You shouldnt bet against me, bet on horses not on people ;)

(Deng 12:32, 21 February 2006 (UTC))[reply]

G. I. Kirosheev Soviet Casualties and Combat Losses. Greenhill 1997 ISBN 1-85367-280-7 lists

the following official losses ( the data quoted by Overy) Killed in Action and dead of wounds 6,330,000; non combat deaths 556,000. Those are confirmed losses reported to the high command by the fronts. Estimated MIA were 500,000 and estimated POW dead 1.3 million. The grand total was 8.6 million. What a coincidence that this is exactly the same as Axis losses of 8.6 million as reported in Kirosheev. The USSR losses were equal to the Axis on the Eastern front, right or wrong? Pow loses were 1.3 million, right or wrong? Check your numbers before you make a change. Real losses of Pows were about 2.8 million and MIA were 500,000. Add that to 6.9 million confirmed dead and you are at 10.2 million. That does not include losses of Partisans and Milita of 400,000 ( they must be included as military not civilian losses). Berndd--68.236.161.237 12:57, 21 February 2006 (UTC)[reply]


estimated


First could you please post with an account replying to an ip nummber isnt good

Also the Axis nummber seems a bit high.

All I know is that prof Richard Overy went into the Soviet archives after the fall of the Soviet Unnion and those are the nummbers he reached.

Maybe your nummbers are Soviet posted nummbers before the fall of the Soviet Unnion and therefore are a bit wrong.

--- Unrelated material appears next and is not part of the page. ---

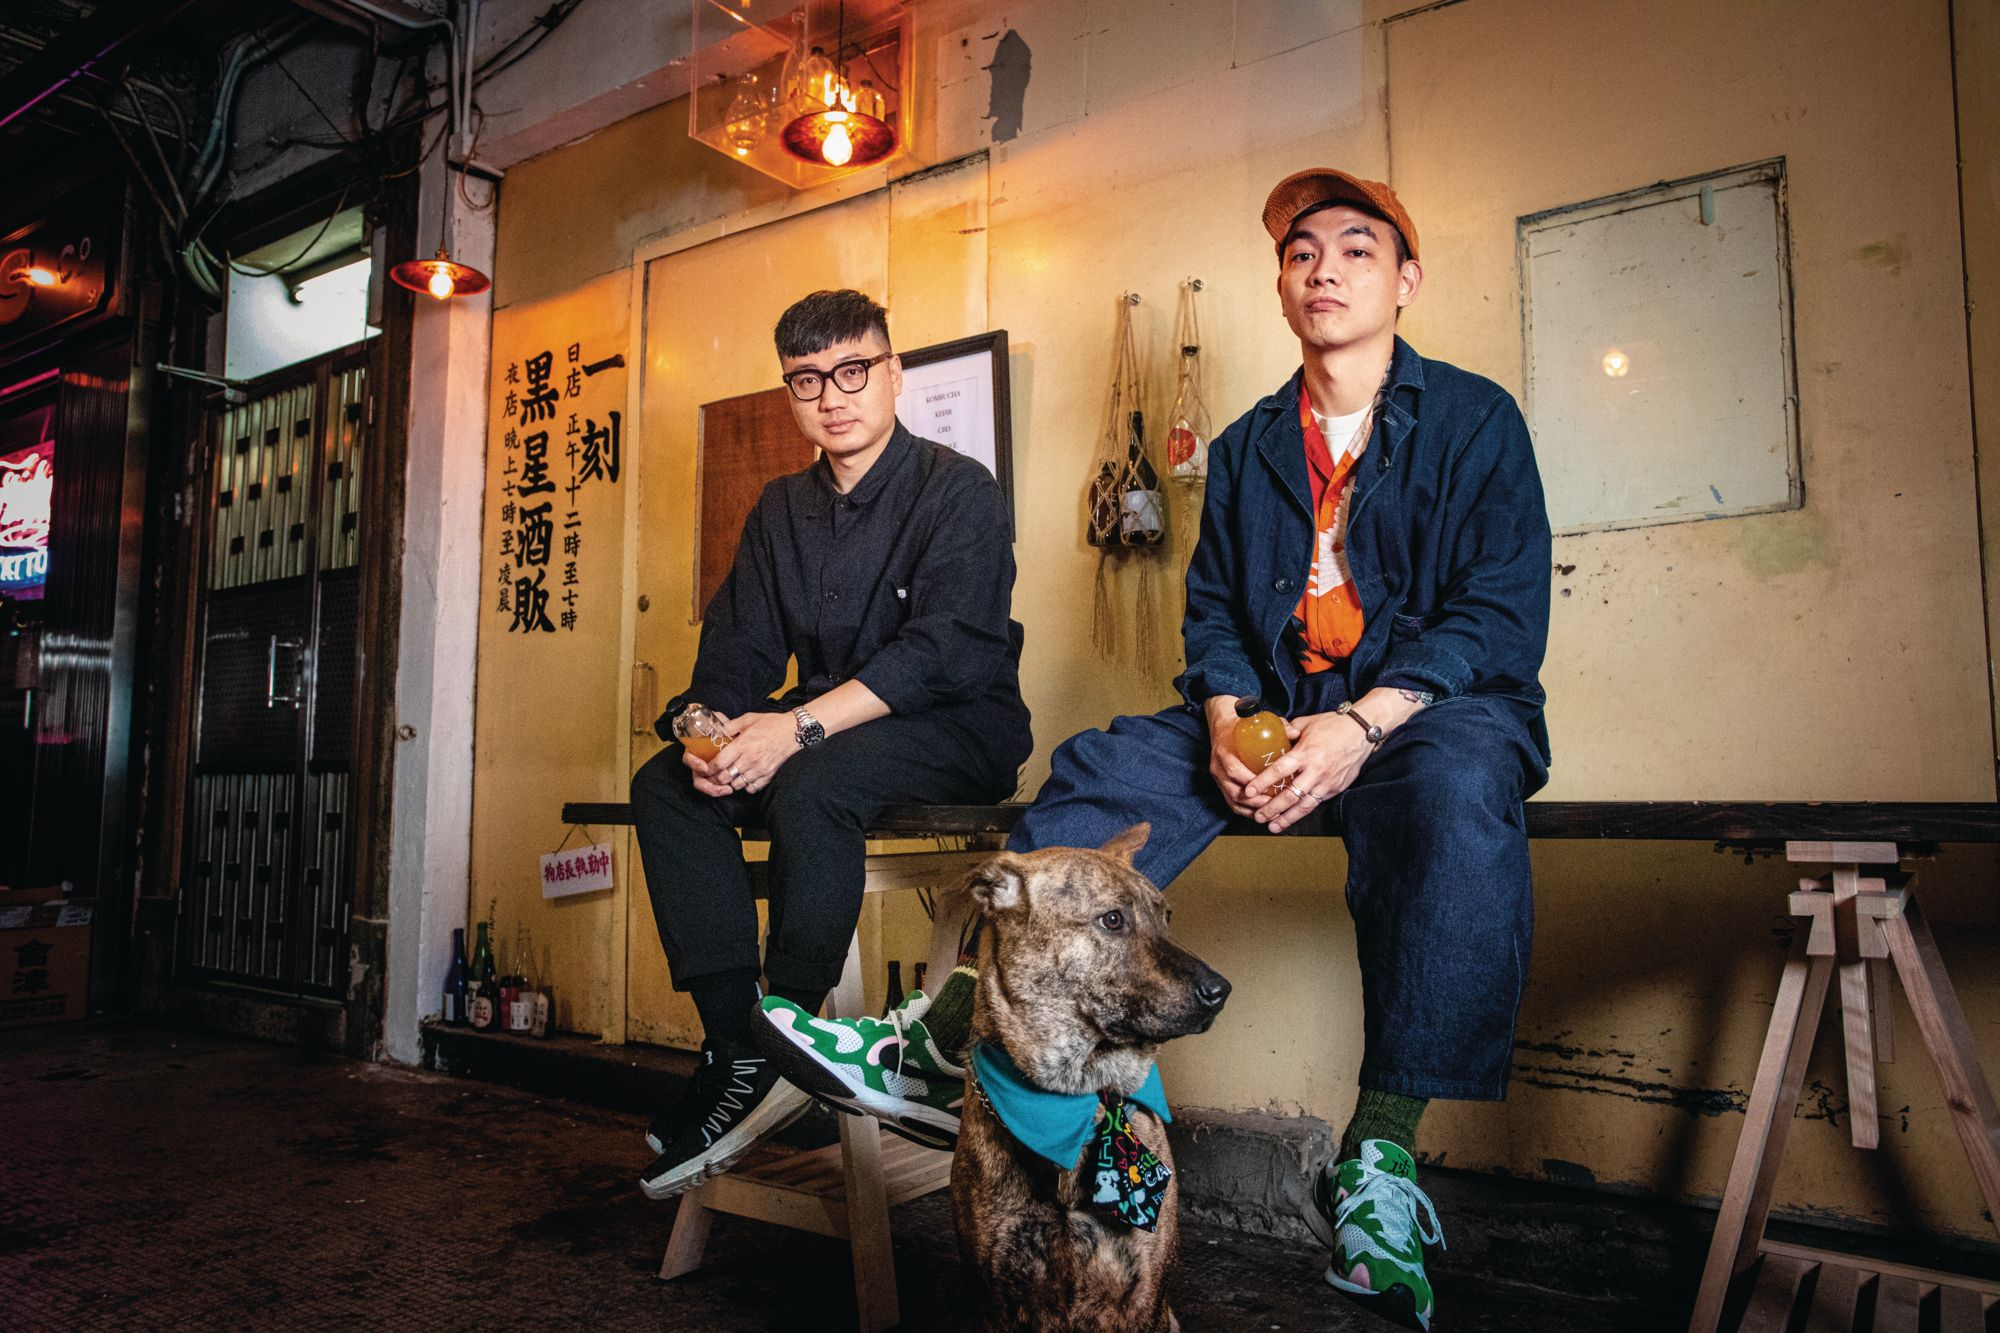 Meet The Duo Behind Black Star Liquor Co., A New CBD Drinks Shop In Causeway Bay

These are the nummbers I have on both sides and the sources are stated bellow

I also made the graphs arent they lovely :D


Military Losses On The Eastern Front During World War 2.1
Forces Fighting FOR the Soviet Union
Total Dead POW Taken By The Axis POW That Died In Captivity
Soviet 8,668,000 6,000,000 4,000,000
Poland2 40,000 Unknown Unknown
Romania3 17,000 Unknown Unknown
Total 8,725,000 Unknown Unknown
Military Losses On The Eastern Front During World War 2.1
Forces Fighting FOR the Axis
Total Dead POW Taken By The Soviets POW That Died In Captivity
Greater Germany 2,415,960 4,500,000 500,000
Soviet Turncoats4 2,000,000 Unknown Unknown
Romania 381,000 Unknown Unknown
Hungary 136,000 Unknown Unknown
Italy 84,830 Unknown Unknown
Bulgaria 32,000 Unknown Unknown
Total 5,049,790 Unknown Unknown
Actually most of Bulgarian casualties were on the Allied side, after 09.09.1944, when there was a Communist coup in the country. --85.130.127.137 00:52, 1 March 2006 (UTC)[reply]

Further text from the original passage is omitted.